How I did it.

For this project, I was tasked with building a k-Nearest Neighbors algorithm from scratch.

What is k-Nearest Neighbors?

k-Nearest Neighbors is what is called “lazy” machine learning, as no learning is actually done. A k-Nearest Neighbors model just remembers the input data, and then when the predict method is called, it checks the distance between the input points and every point in the input data, returning the majority class from the k closest points (hence k-Nearest Neighbors).

How it’s made

My main references for this project were this article and this Geeks for Geeks page.

I used the libraries pandas and numpy, so we’ll start with the import statements.

import numpy as np
import pandas as pd

I wrote a simple Euclidian distance function using NumPy’s matrix multiplication. The parameter is just optimization. This is the default value for the distance formula.

def distance(pointA, pointB, _norm=np.linalg.norm):
    return _norm(pointA - pointB, axis=1)

The constructor method of KNNeighbors. k is the number of neighbors, and formula is the distance formula that will be used to calculate, well, the distance to each point.

class KNNeighbors:
    def __init__(self, formula=distance, k=1):
        self.formula = distance
        self.k = k

The fit(points, classes) method accepts both Pandas DataFrames and NumPy arrays.

def fit(self, points, classes):
    try:
        self.points = points.values.reshape(-1, points.shape[1])
        self.classes = classes.values.reshape(-1, 1)
    except:
        self.points = points.reshape(-1, points.shape[1])
        self.classes = classes.reshape(-1, 1)

This function is where all the magic happens.

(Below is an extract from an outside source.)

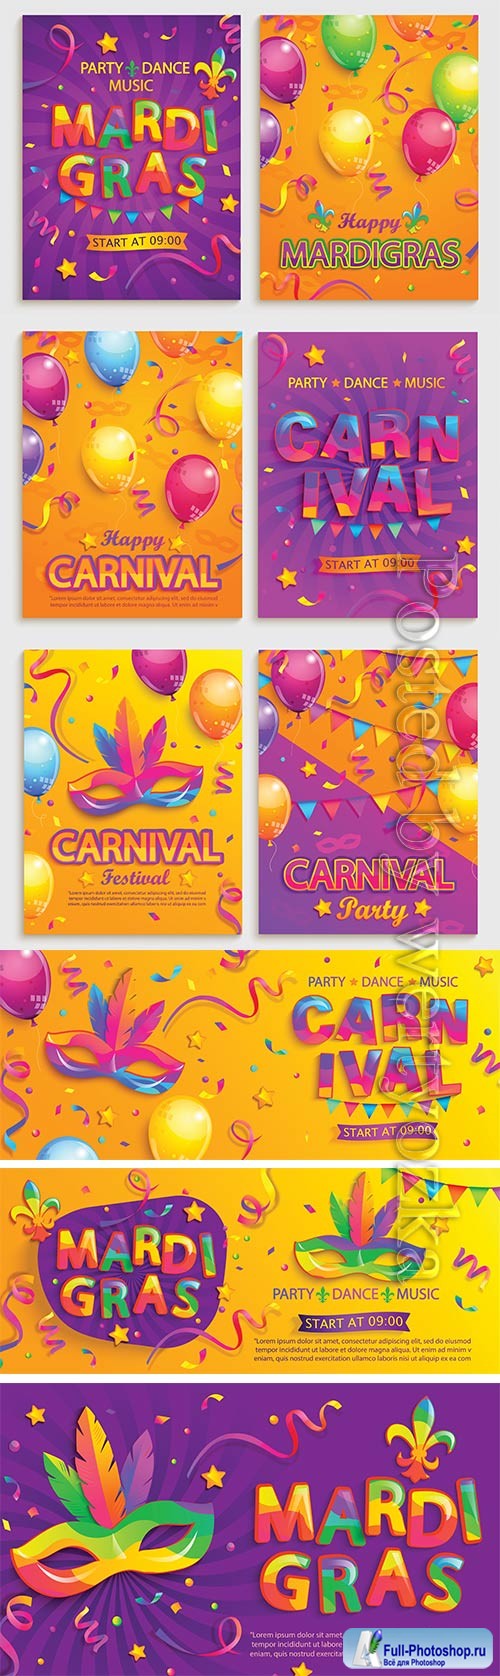 Mardi gras carnival poster, Venice carnival vector design # 3
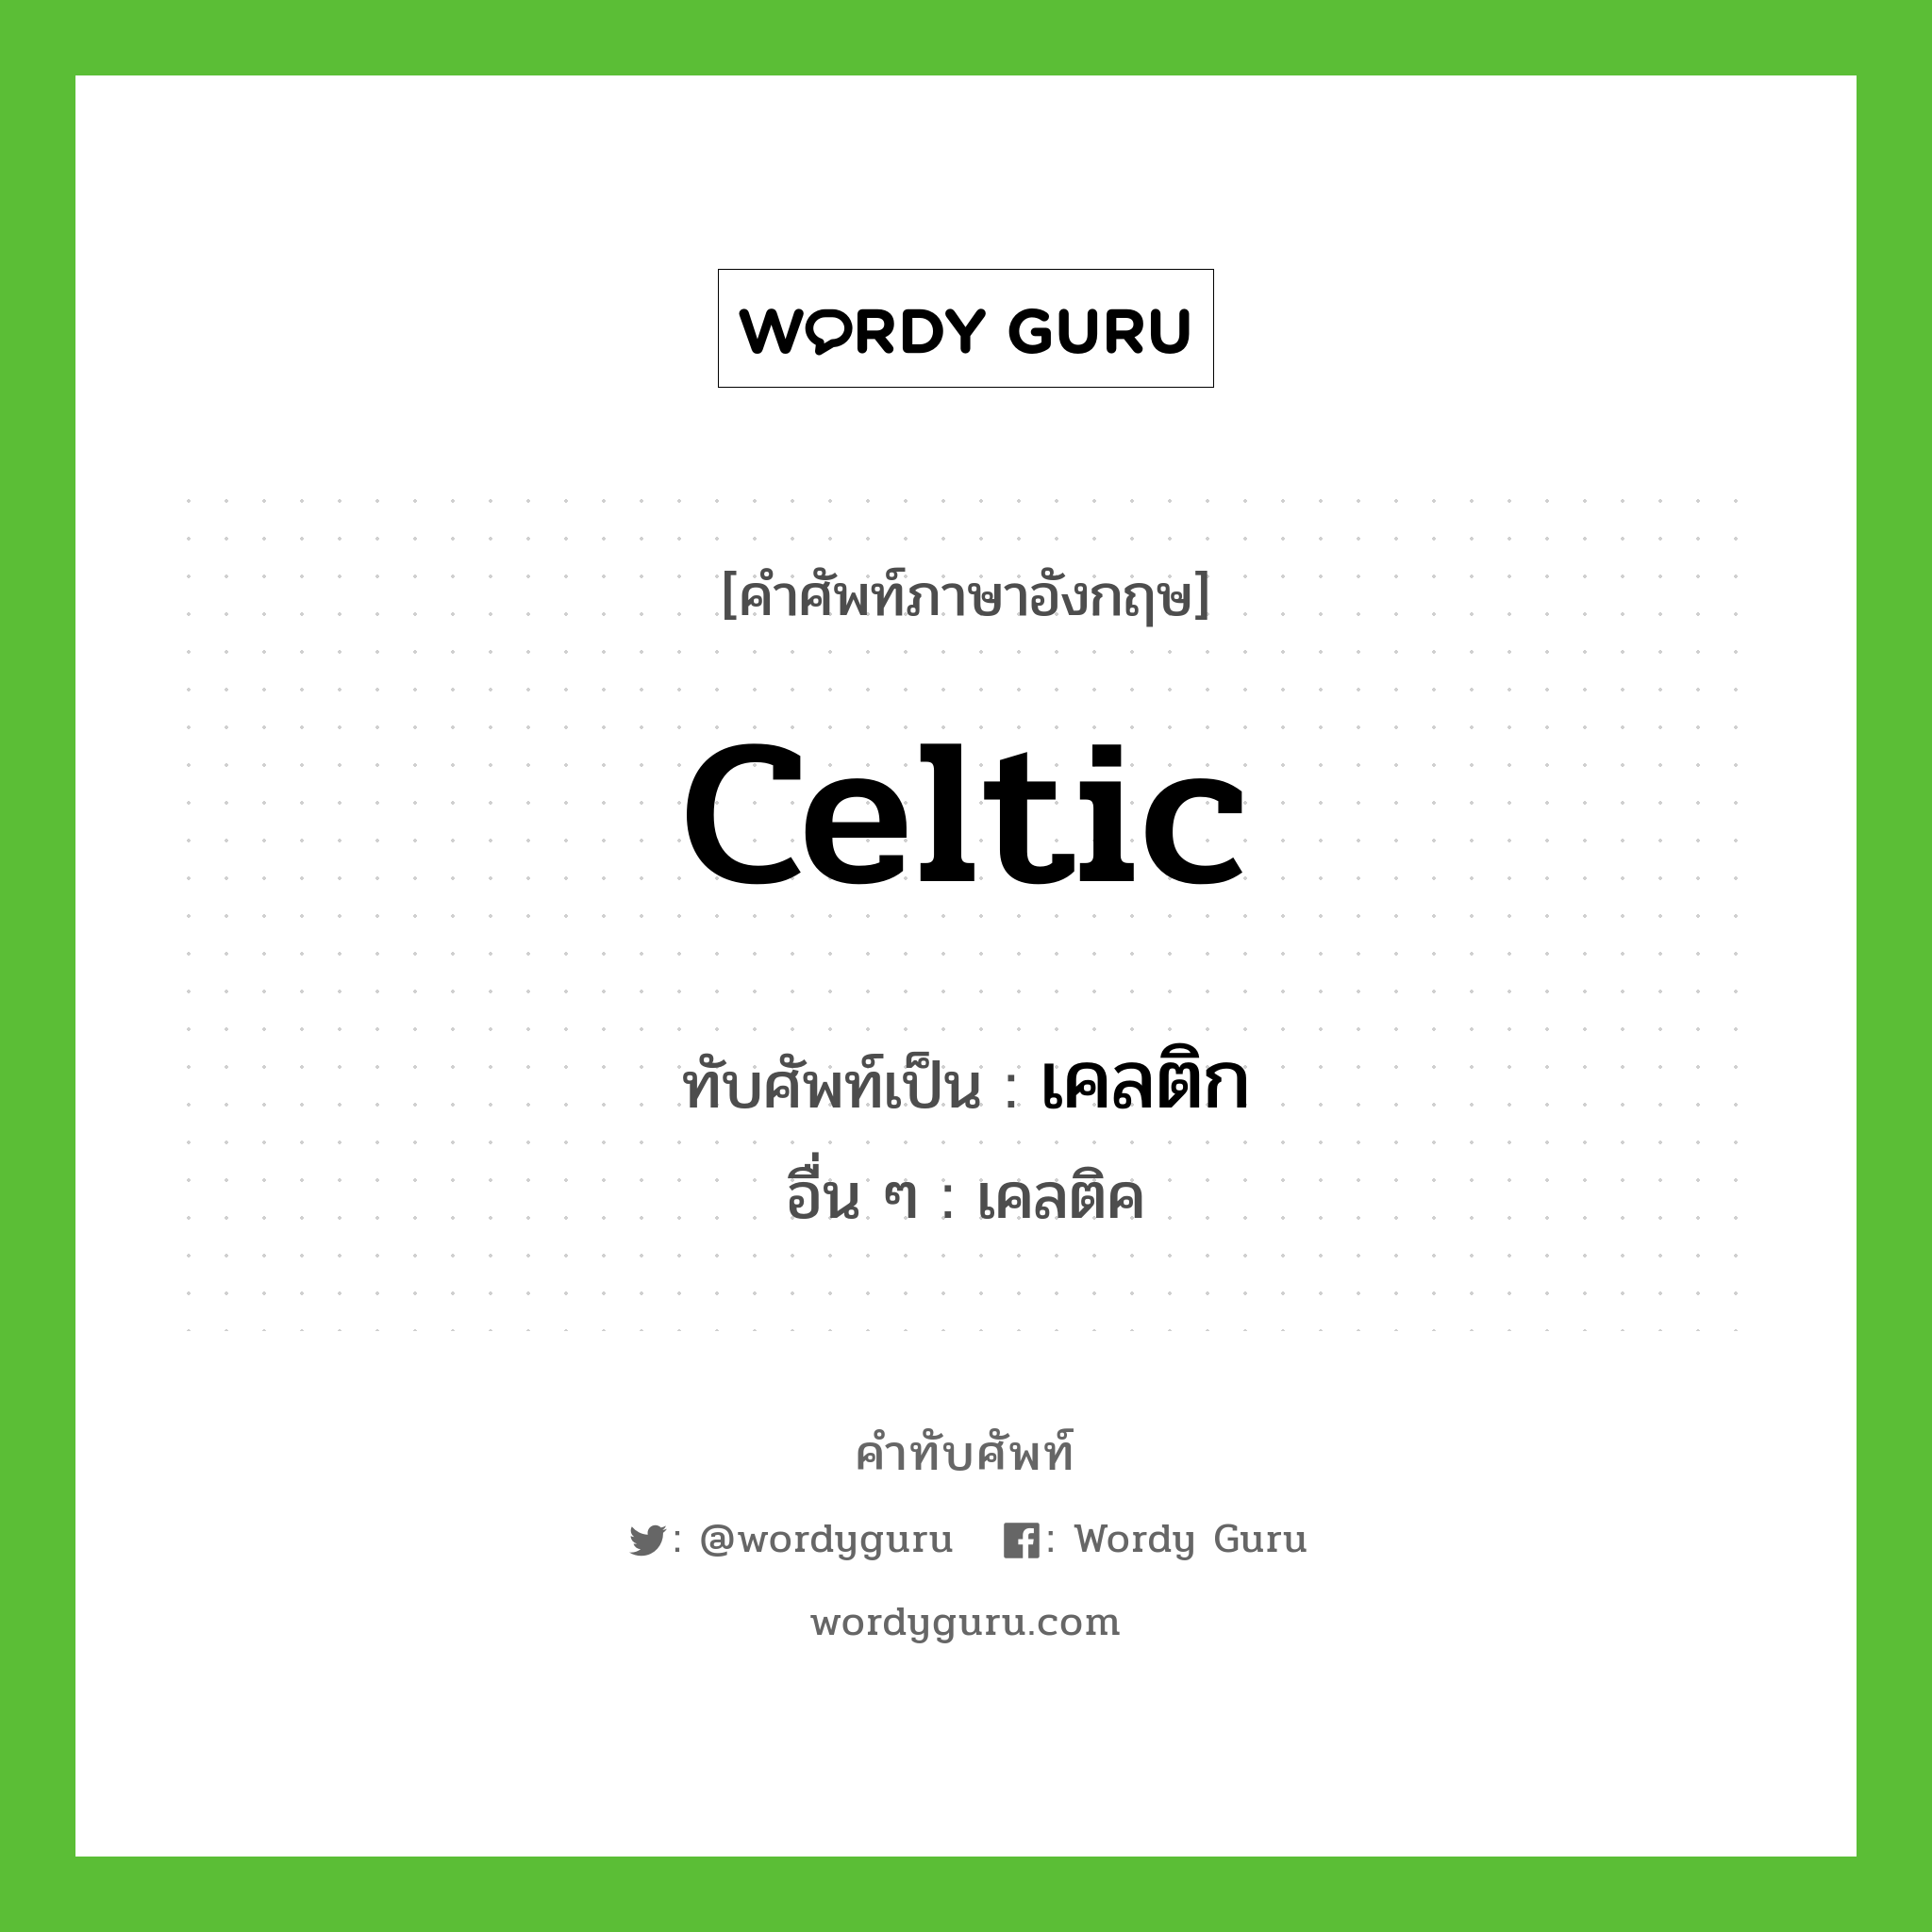 เคลติก เขียนอย่างไร?, คำศัพท์ภาษาอังกฤษ เคลติก ทับศัพท์เป็น Celtic อื่น ๆ เคลติค

I’ll break down every line, because I shoved as much stuff into them as possible.

This line both calls the formula on the point, and also builds an array with the values arranged like ['x', 'y', 'dist', 'class'].

def predict(self, point):
    distances = np.hstack((self.points,
                           self.formula(self.points, point).reshape(-1, 1),
                           self.classes))

These two lines (I know, I lied) put the array into a Pandas DataFrame, then sorts the values using Pandas… because I couldn’t figure out how to do it with NumPy.

This sorts the points from closest to farthest.

    distances = pd.DataFrame(data=distances, columns=['x', 'y', 'dist', 'class'])
    distances = distances.sort_values(by='dist')

This line takes the closest k values, and returns the majority classification using Pandas’ value_counts.

    classification = distances.iloc[:self.k]['class'].value_counts().index[0]

    return classification

Now, an interesting comparison between my KNN model and the sk-learn KNN model. My model is slower because I didn’t think in 3 dimensions, so you can only input one point at a time into the predict method.

It’s astronomically slow calculating the distance for every point, instead of them all together.

But the real kicker here is… the k = 1 decision boundaries are different between my model and sk-learn.

I used the function I found here to visualize the models (modified significantly when working with my model).

I used the Iris dataset, which can be directly found here.

My classifier

Browsing this website on lite-mode is really taking a toll on your experience. — *Decision boundaries with my classifier on the Iris dataset.*

Scikit Learn’s classifier

As you can see, they’re almost the same except for some arbitrary differences.

Only a few regions are noticeably changed between the two, and that might be because I had to edit the visualizing function to display my model.

Conclusion

My biggest takeaway is I don’t understand 3D matrix math.

Alright, that was a lie. My biggest takeaway is how simple the KNN algorithm really is.

If I were to continue working on this project, I would implement the Hart algorithm to optimize prediction runtime. I would also implement inputting any number of points with any number of dimensions.

The full code can be found in the GitHub, and as always, thanks for reading.